I have Anubias Nana Petite and Ludwigia Repens, and it grows perfectly fine in about 25 par. I think that list should have included the minimum ammount of par to grow certain plant species because all plants could benefit from high light and co2.


----------



## rlswaney73 (Jun 11, 2011)

The chart doesn't really say where they have taken the PAR reading from... surface, substrate, reaching the plants etc... unless I've missed it somewhere...


----------



## Hoppy (Dec 24, 2005)

Before a chart like that can mean anything you have to first define what you mean by "PAR Level". When I use that term I mean the PAR measured at the substrate level. Unless your light fixture is mounted 10 feet above the tank, the PAR will be considerably higher near the water line than at the substrate, and the plant will be growing through a range of PAR values, lowest at the substrate, highest at the water level.


----------



## micheljq (Oct 24, 2012)

Hi,

Is this a company which sells lighting? I would take this with a pinch of salt, 40 PARs a minimum to grow Anubias? I don't think so, this plant's requirements are very low.

Michel.


----------



## shawnwaldon (Dec 5, 2013)

I don't think they are concerned with the depth of the area the PAR reading is at. I think they are just giving you a range that the plant's PAR levels are "recommended" to be at whatever distance the plant is from the light. They do give a minimal, ideal, and maximum recommendation. As with anything "recommend" is a loose term.

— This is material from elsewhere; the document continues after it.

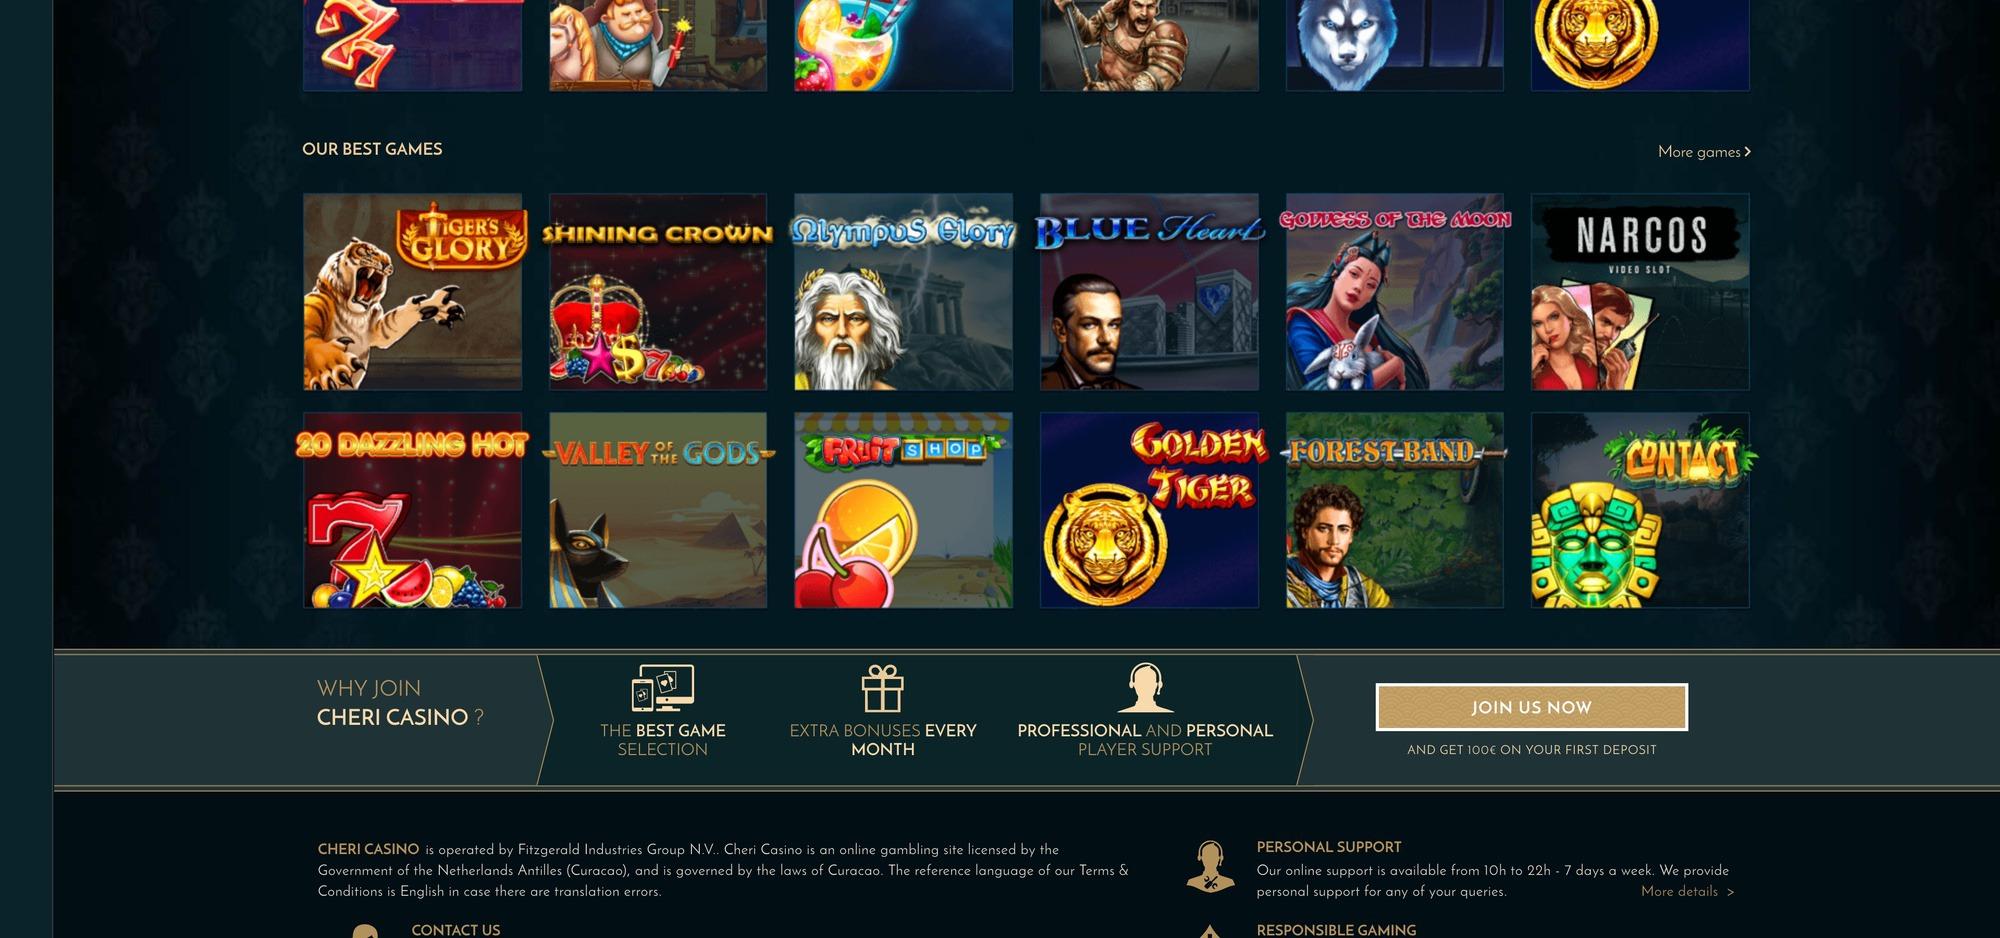 Cheri casino : avis et présentation
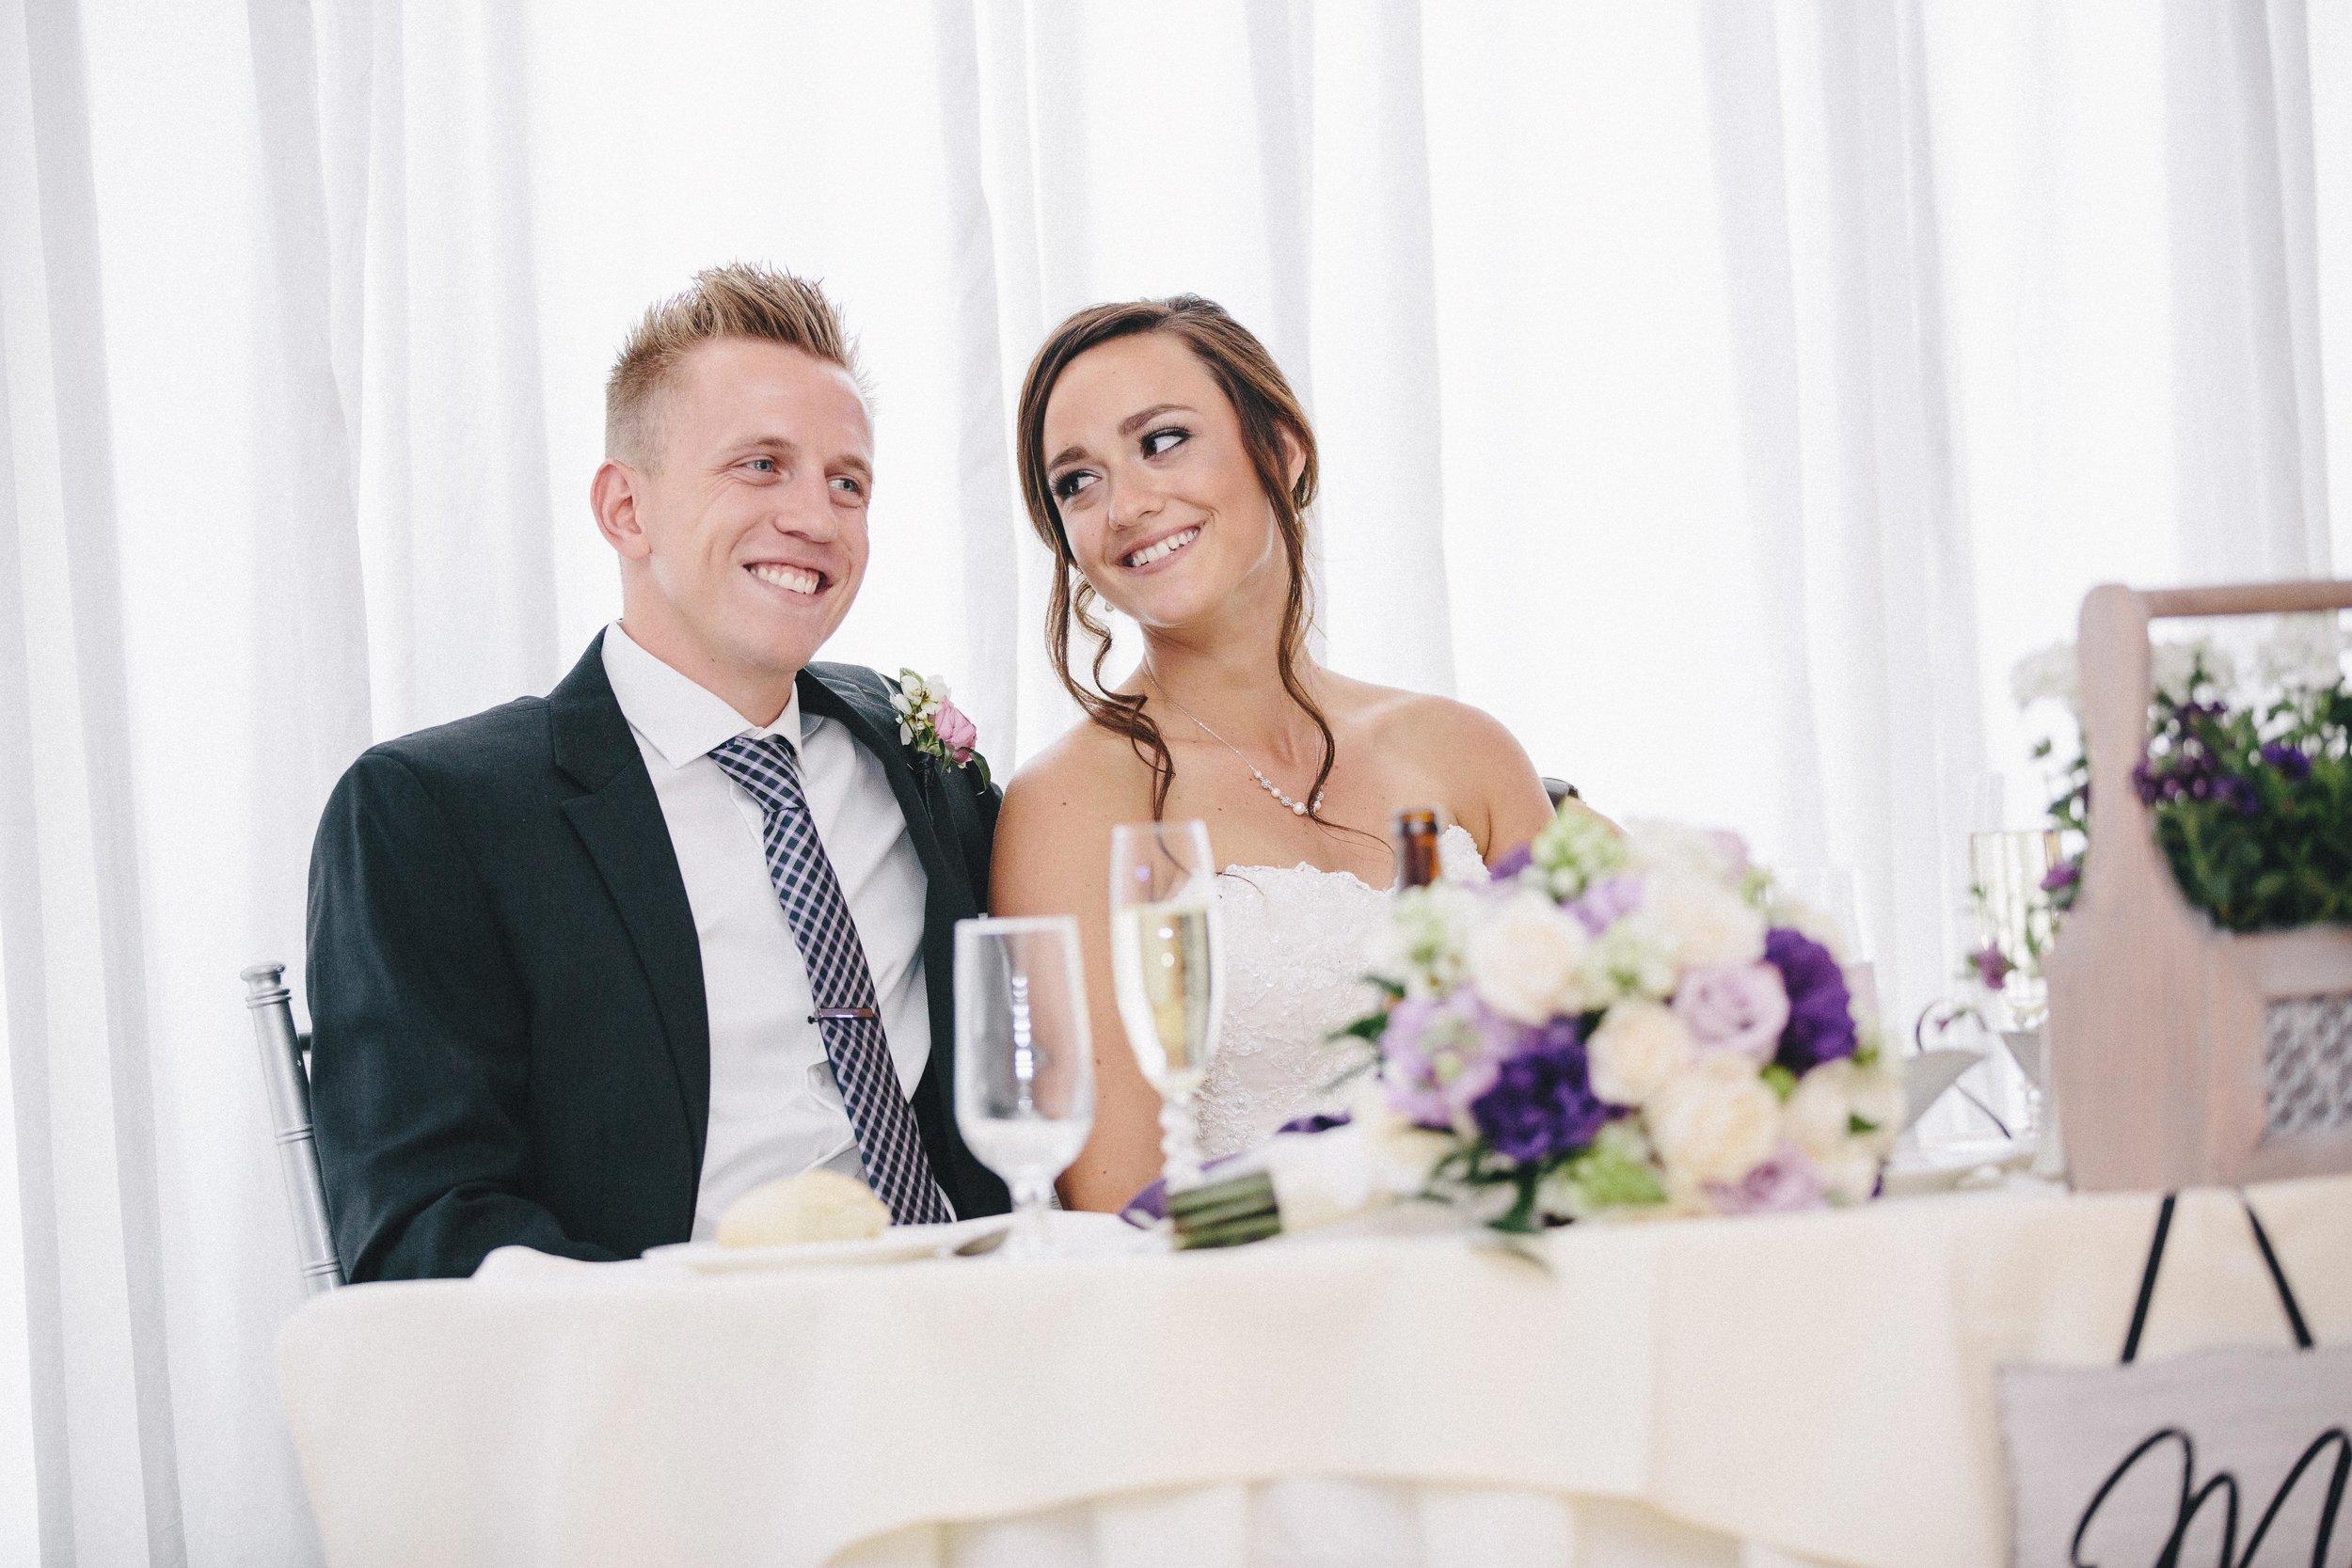 MP_16.06.12_Zach-&-Katlyn-Wedding-3698.jpg

I have also grown low - medium light plants with a low PAR rating. I am building a high tech aquarium and will be most likely be purchasing my LED fixture from BML and they have a very high PAR rating so I thought it was good to see a list that gave such a broad range of ratings. I guess I will just have to try it out and see what I can do.


----------



## Hoppy (Dec 24, 2005)

shawnwaldon said:


> I don't think they are concerned with the depth of the area the PAR reading is at. I think they are just giving you a range that the plant's PAR levels are "recommended" to be at whatever distance the plant is from the light. They do give a minimal, ideal, and maximum recommendation. .....


Then, they are just wrong. Without the slightest question, they are wrong. Far too many people have grown many of those plants with much lower light levels, and they grew very well. Unfortunately, when people see such an apparently comprehensive table they assume it is correct. This one is not correct, however you interpret it.


----------



## plantbrain (Dec 15, 2003)

shawnwaldon said:


> I was looking around at websites the other day and cam across this chart. If this is accurate then my mind is blown on how high of a PAR rating is recommended for plants on this list. Here is a link to the list. Any opinions?
> 
> http://answers.seneye.com/en/Aquarium_help/what_is_PAR_?/fresh_water_plant_PAR_levels


This is BS.

They made up this stuff. 

And I'm being "nice". :hihi:


----------



## shawnwaldon (Dec 5, 2013)

Hoppy said:


> Then, they are just wrong. Without the slightest question, they are wrong. Far too many people have grown many of those plants with much lower light levels, and they grew very well. Unfortunately, when people see such an apparently comprehensive table they assume it is correct. This one is not correct, however you interpret it.



That is the reason I post stuff like this, so people can see what us experienced aquarists have to say about it.


----------



## shawnwaldon (Dec 5, 2013)

So then that begs the question, what is an ideal PAR level to grow the majority of plants. IMO I think that having a PAR level around 50 or 60 is a good middle ground for growing a verity of low - high light requiring plants. I would also implement co2 in the system to help the plants grow. The aquarium in my main pic was a 29 tall and I used a finnex ray 2. It grew the medium to high light plants that were tall very well, but my ground cover was very slow growing. The PAR for the fixture at substraight level in my aquarium was only around 35,but mid tank par level was what I called my sweet spot of 50-60.


----------